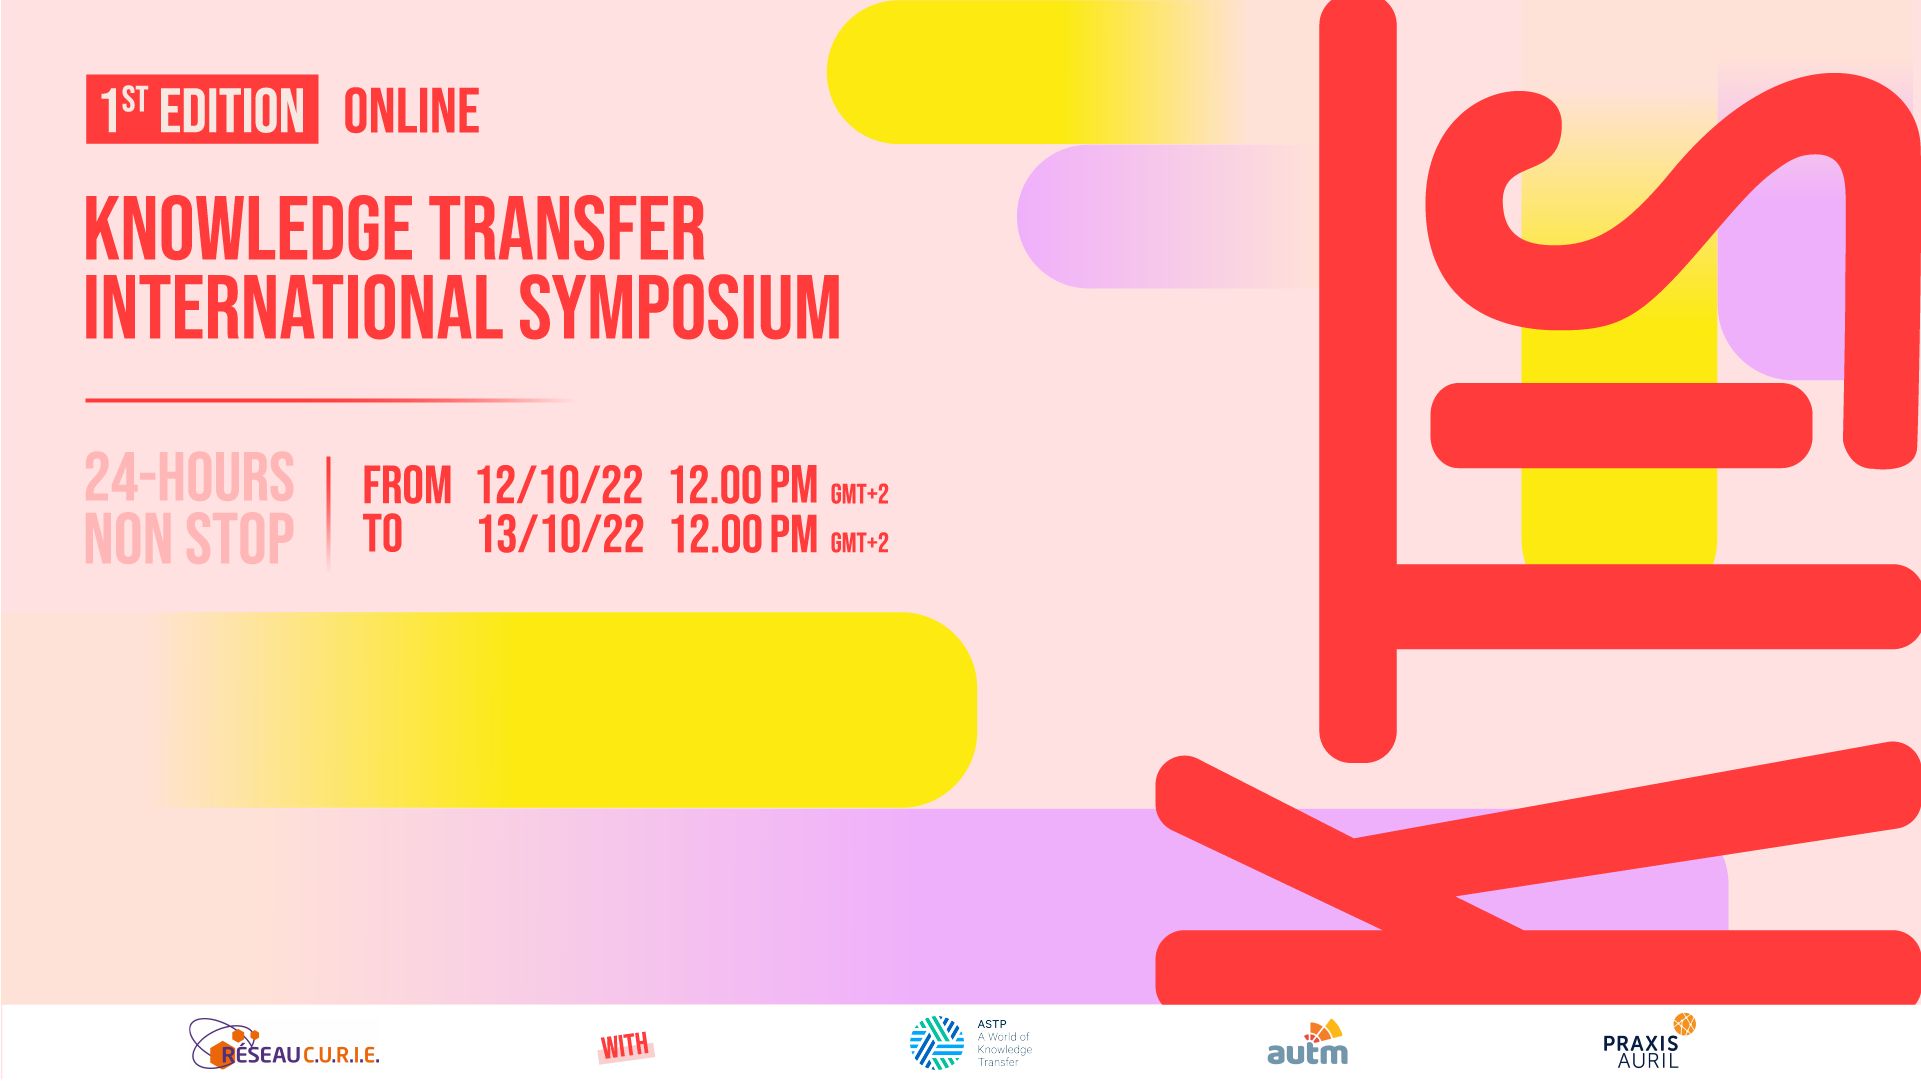 Knowledge Transfer International Symposium, Oct. 12-13 2022
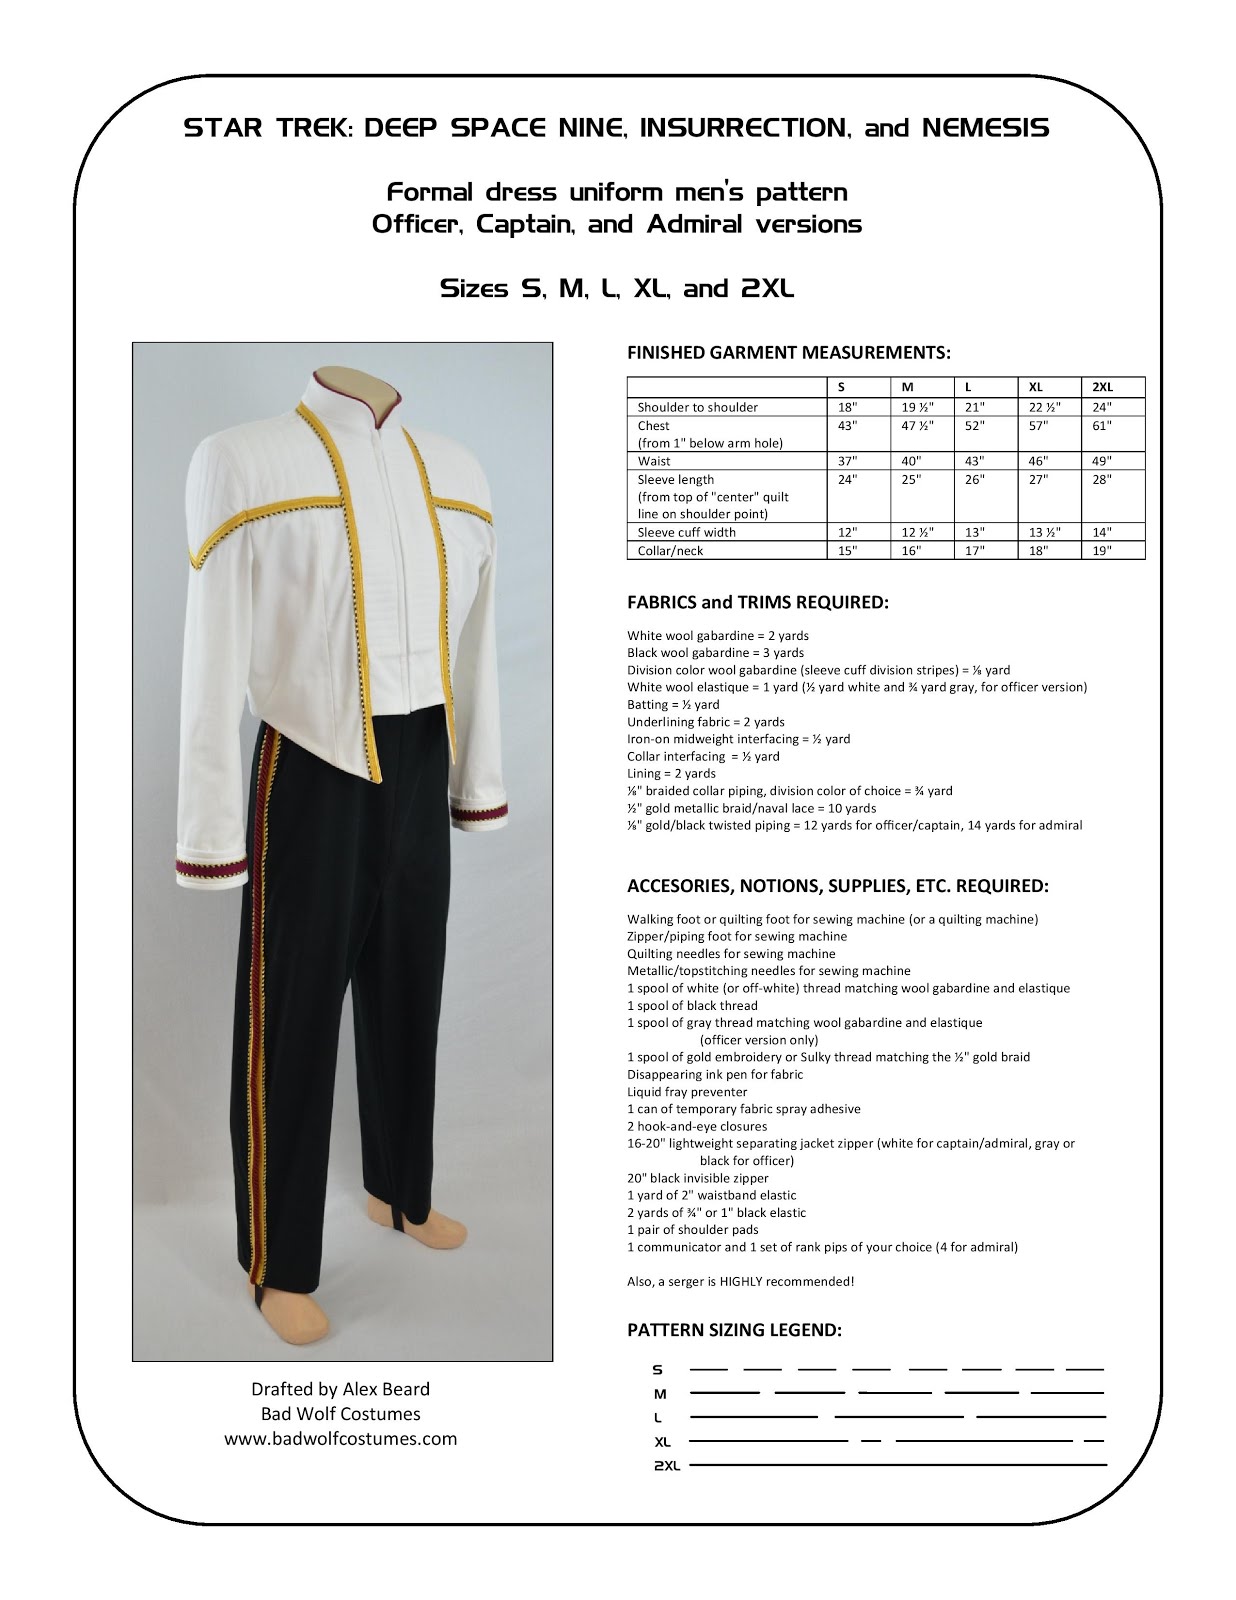 Star Trek: DS9/NEM Men's Formal Uniform Sewing Pattern
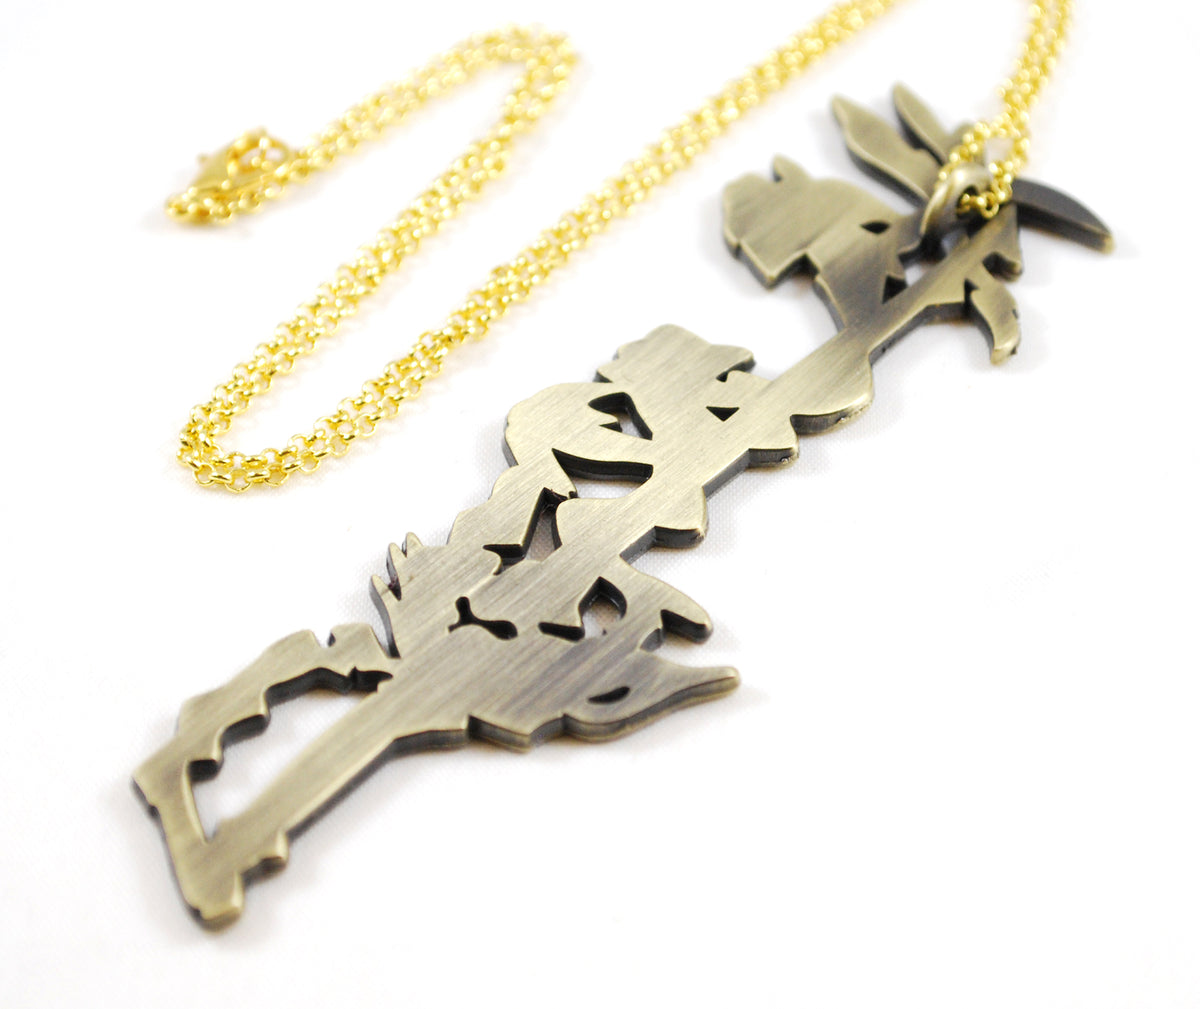 Judas Priest Silver Color British Steel Necklace and Razor Blade Pendant  new
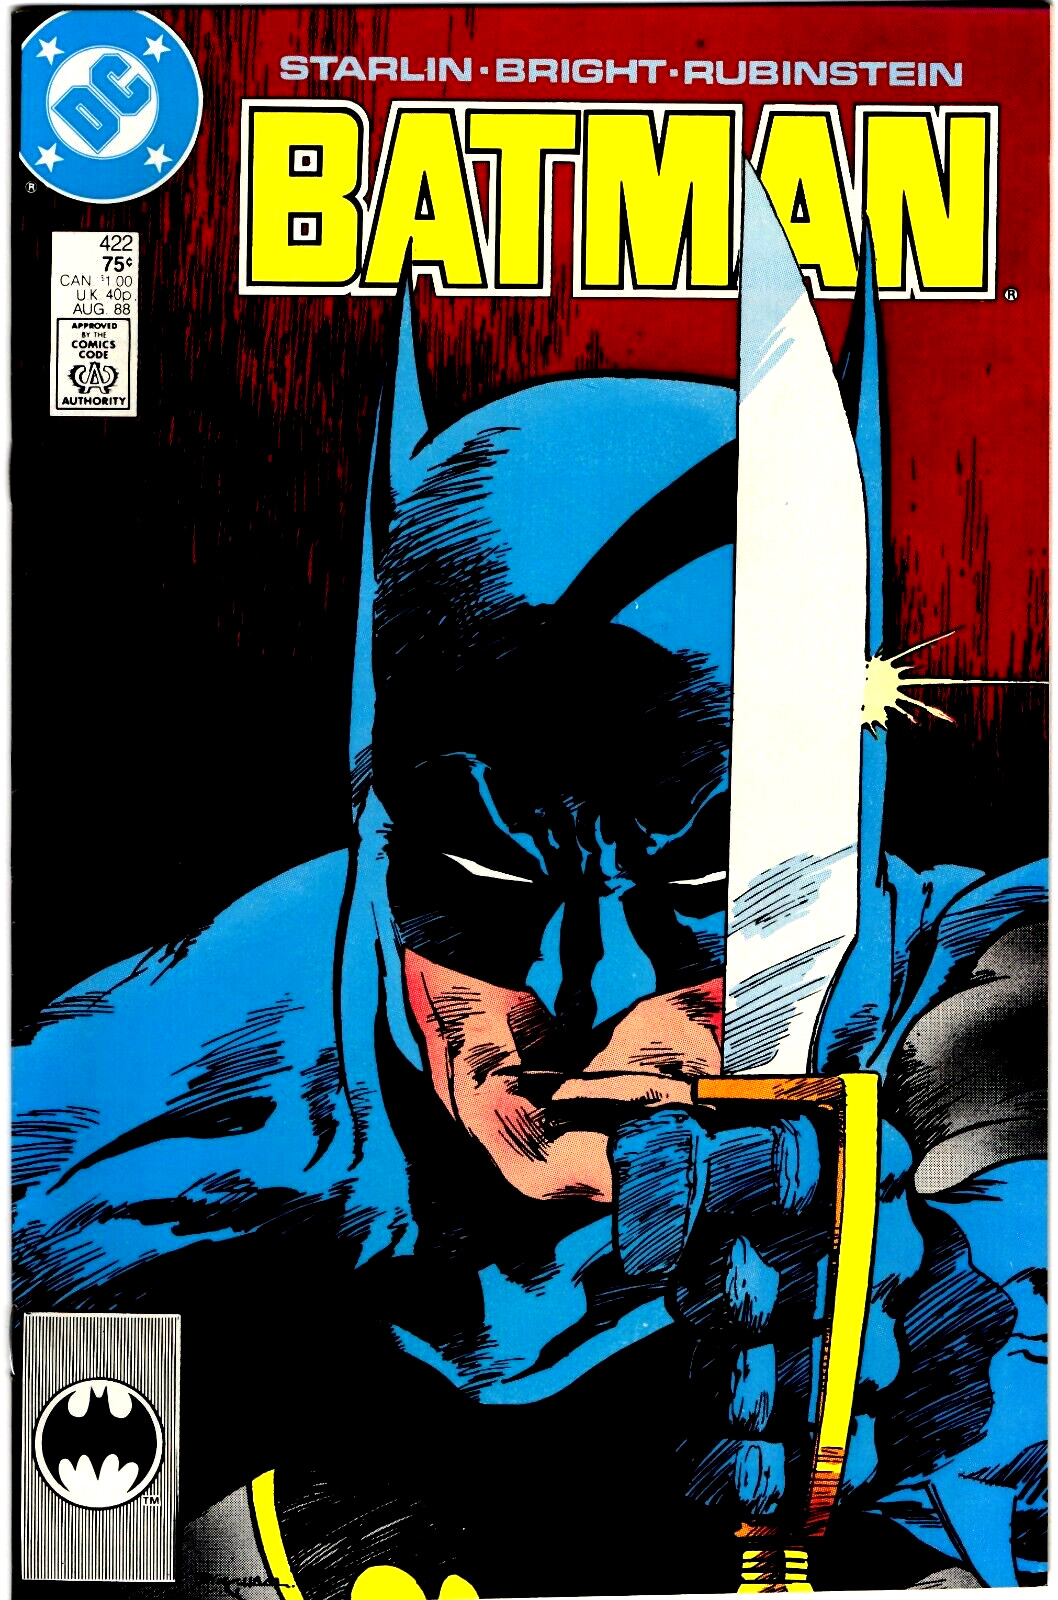 🔥 Batman #422 DC Comics (1988) - Jim Starlin Story & Jerry Bingham Cover Art 🔥

★ ★ ★ ★

Exact output of each line above is wanted, without the pictures.

 Knowledge Transfer International Symposium, Oct. 12-13 2022
 Star Trek: DS9/NEM Men's Formal Uniform Sewing Pattern
 Judas Priest Silver Color British Steel Necklace and Razor Blade Pendant  new
 🔥 Batman #422 DC Comics (1988) - Jim Starlin Story & Jerry Bingham Cover Art 🔥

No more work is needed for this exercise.